There seems to be constant controversy over larger companies suing farmers for intellectual property infringement, however, Monsanto and the big boys of seed are not the only racing to the courthouse anymore.

A lawsuit was filed today in Sioux Falls, South Dakota by South Dakota State University claiming that five producers violated its plant variety protection (PVP) certificates on spring wheat varieties Traverse and Briggs by knowingly selling or offering to sell without authority, a seed dealer's license, or proper seed certification. This practice of reselling seed is also known as brown-bagging and is violative of the PVPA as the farmer is selling seeds that he does not have permission to sell. Other large research universities, such as Kansas State University, Colorado State University, Oklahoma State University, have been more dogged in enforcing their IP rights through PVP certificates or patent protections, claiming that the proliferation of brown-bagging is leading to a decrease in research funds thereby hurting the dependent farming community as a whole.

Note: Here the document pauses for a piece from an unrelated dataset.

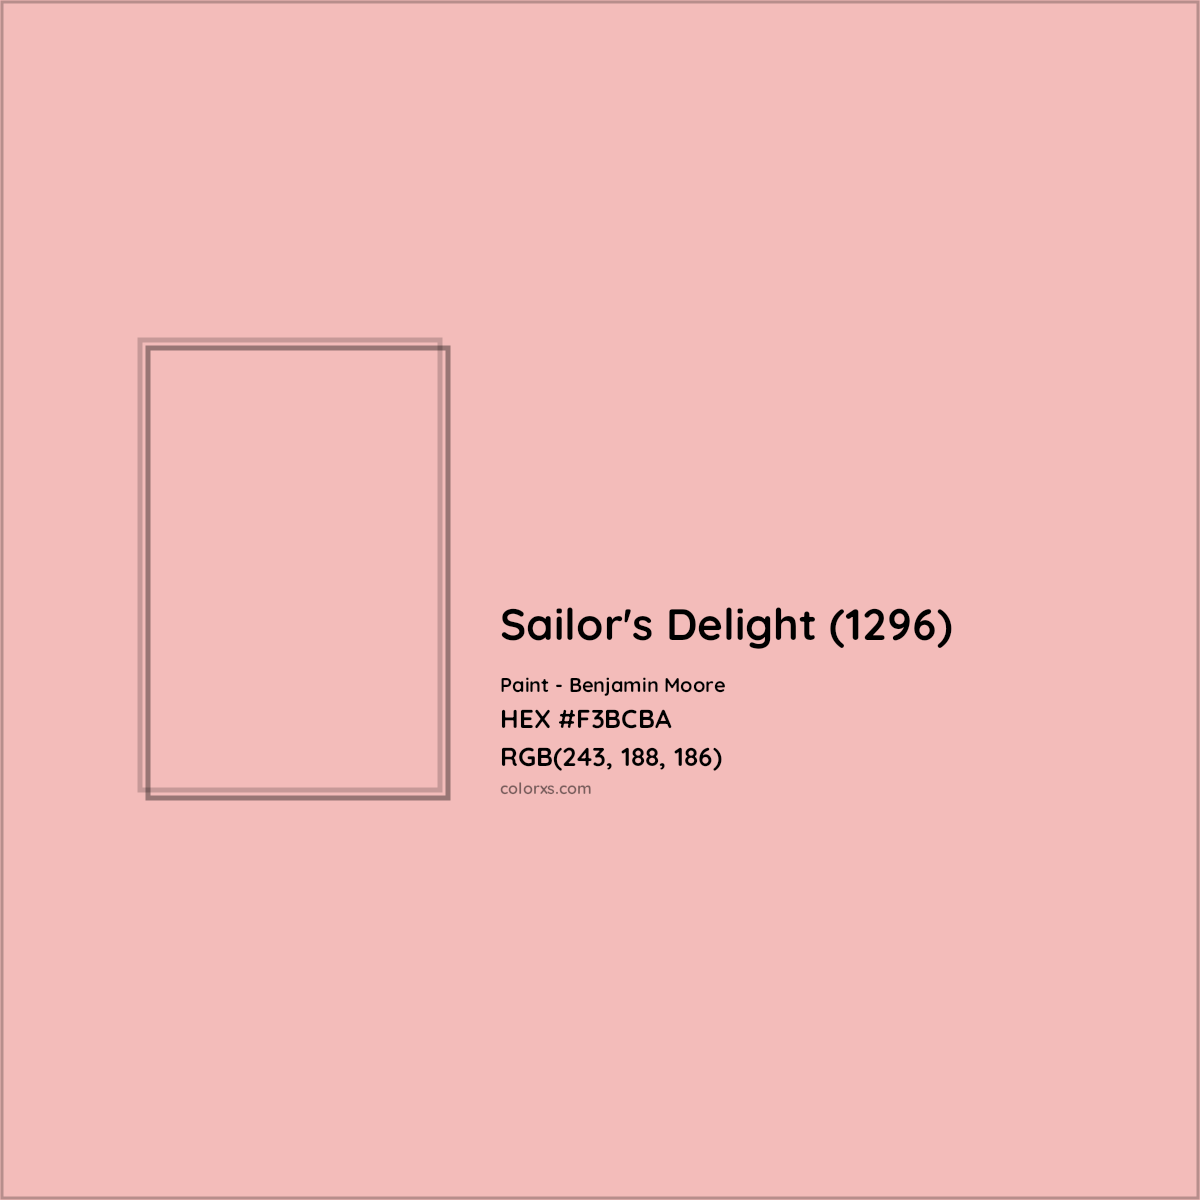 HEX #F3BCBA Sailor's Delight (1296) Paint Benjamin Moore - Color Code

These lawsuits are serious matters, as one lawsuit in Kansas resulted in a $150,000 agreed judgment against a producer. It also does not curry you favor with many neighbors who believe you are holding up research on new technology coming out of the large state-run universities that will work with the Crop Improvement Associations in providing limited amounts of public seed.

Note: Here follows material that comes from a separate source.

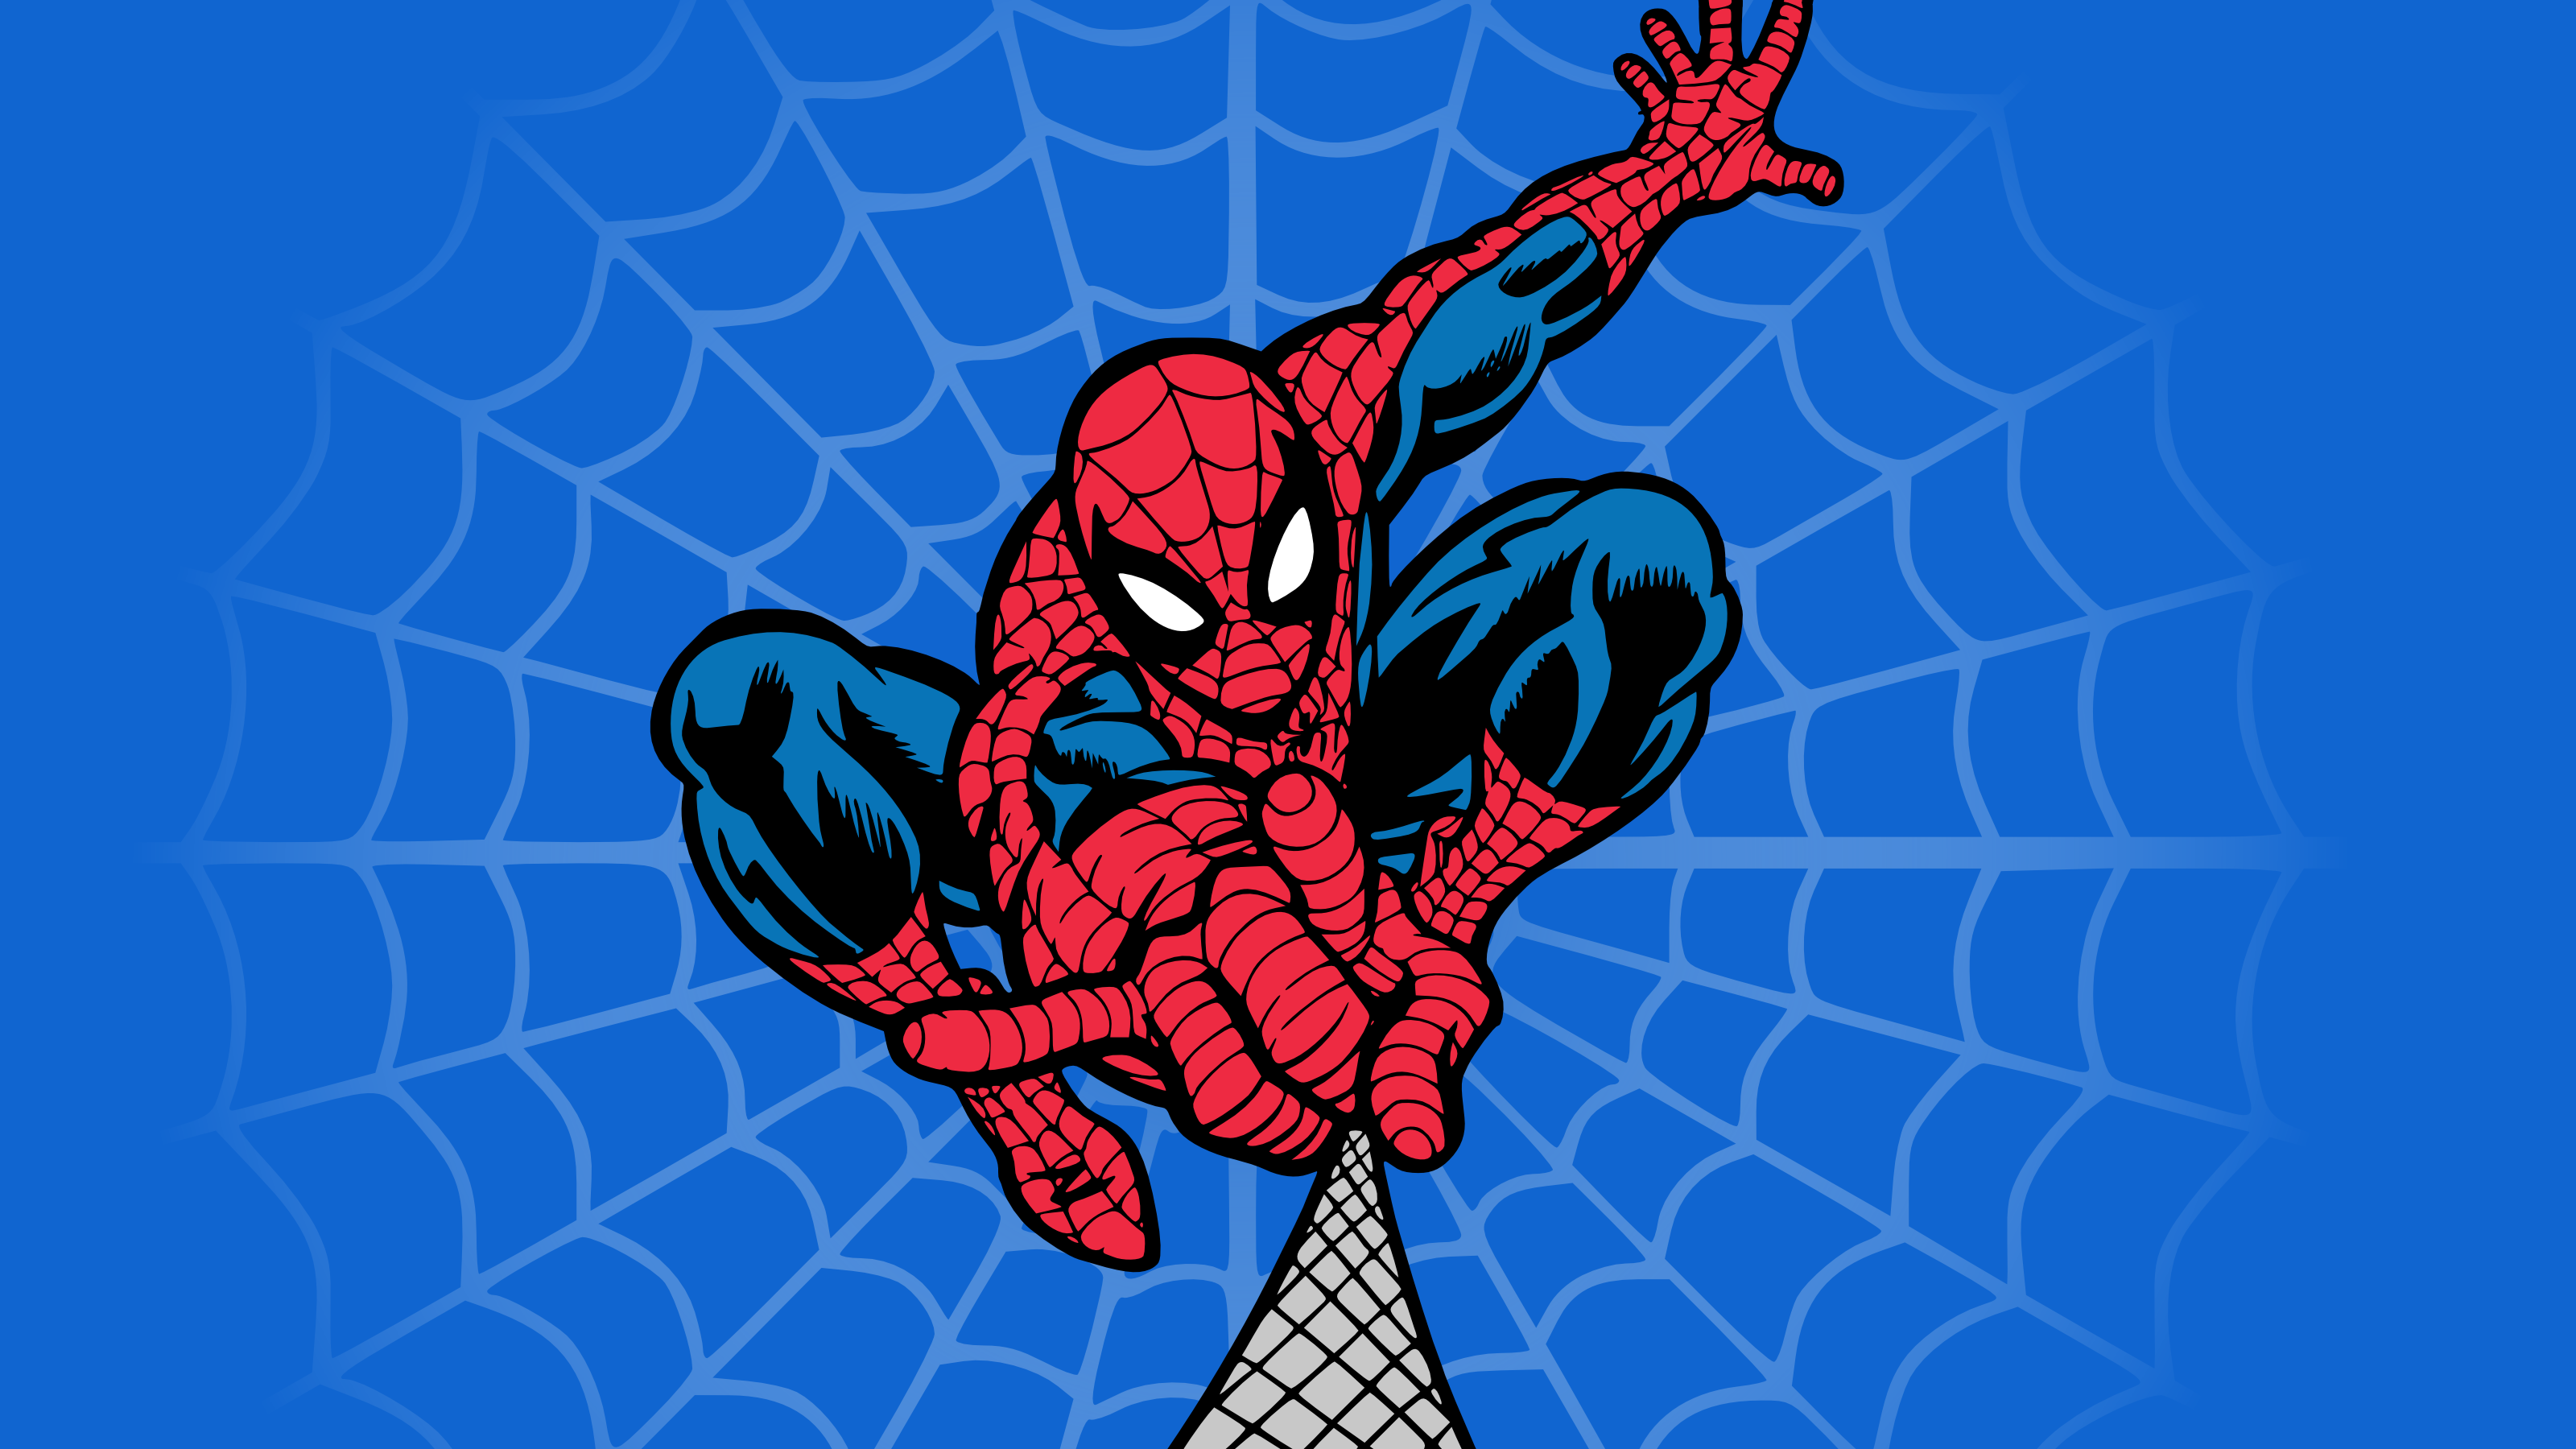 Spiderman Comics Spider-man Superhero illustrate wallpaper Wallpaper

Interestingly, but not connected in anyway, these lawsuits come on the heels of Monsanto delving further into the wheat world by acquiring a smaller company Westbred in the Upper Midwest. I only mention this, because there probably would have been more of a public outcry if these producers alleged to have brown--bagged seed were sued by one of the larger seed/chemical companies.

Companies, institutions, people spend money, lots of it in many cases, to bring a product to market whether it be for purely profit or innovation's sake. Virtually all will file for protections that have been created by our Constitution or by statute in order to protect their right in the product from someone who did not put the time and money into research. No matter the size, or policies one may believe in regarding IP rights whether on products or life forms, the right to protect your property through the courts is fundamental to our economy and society. Actually, the reason for allowing suits for conversion (civil theft essentially) was to avoid the result of individual's taking justice into their own hands or being bullied by the offender. In that mindset, ironically, one of the most civil and socially acceptable actions you could commit in our society is by taking a dispute to the Courts.

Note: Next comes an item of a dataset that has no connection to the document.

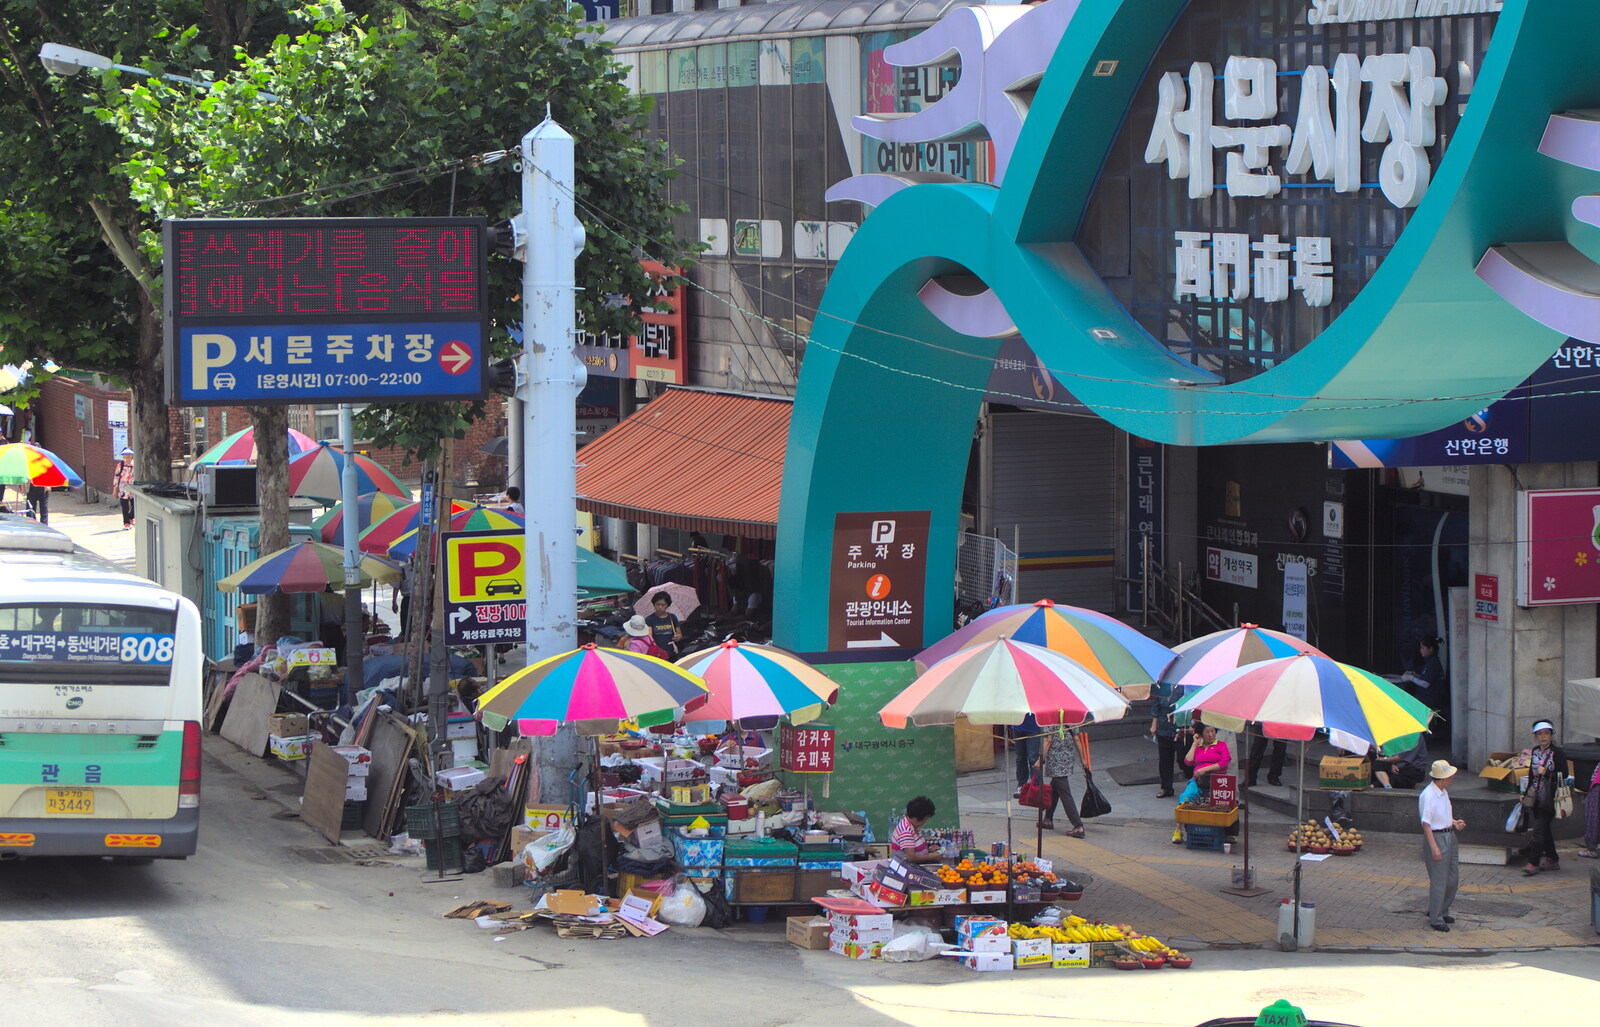 The entrance to the market from Seomun Market, Daegu, South Korea - 1st July 2012

Regardless if you are South Dakota State University, Monsanto, a small seed company, or the guy/girl that created the slap-chop on late night infomercials it is important for that individual or company to enforce any IP property rights that they took the time and trouble to obtain through these suits in an effort to keep structure in the system, as well as deter others from stealing someone else's idea. I understand its not always black and white in these situations, and that the majority of individuals or farmers are not committing these violations, but it is important to send a message to that very small minority that are causing a loss of money to research and undermining a private property system.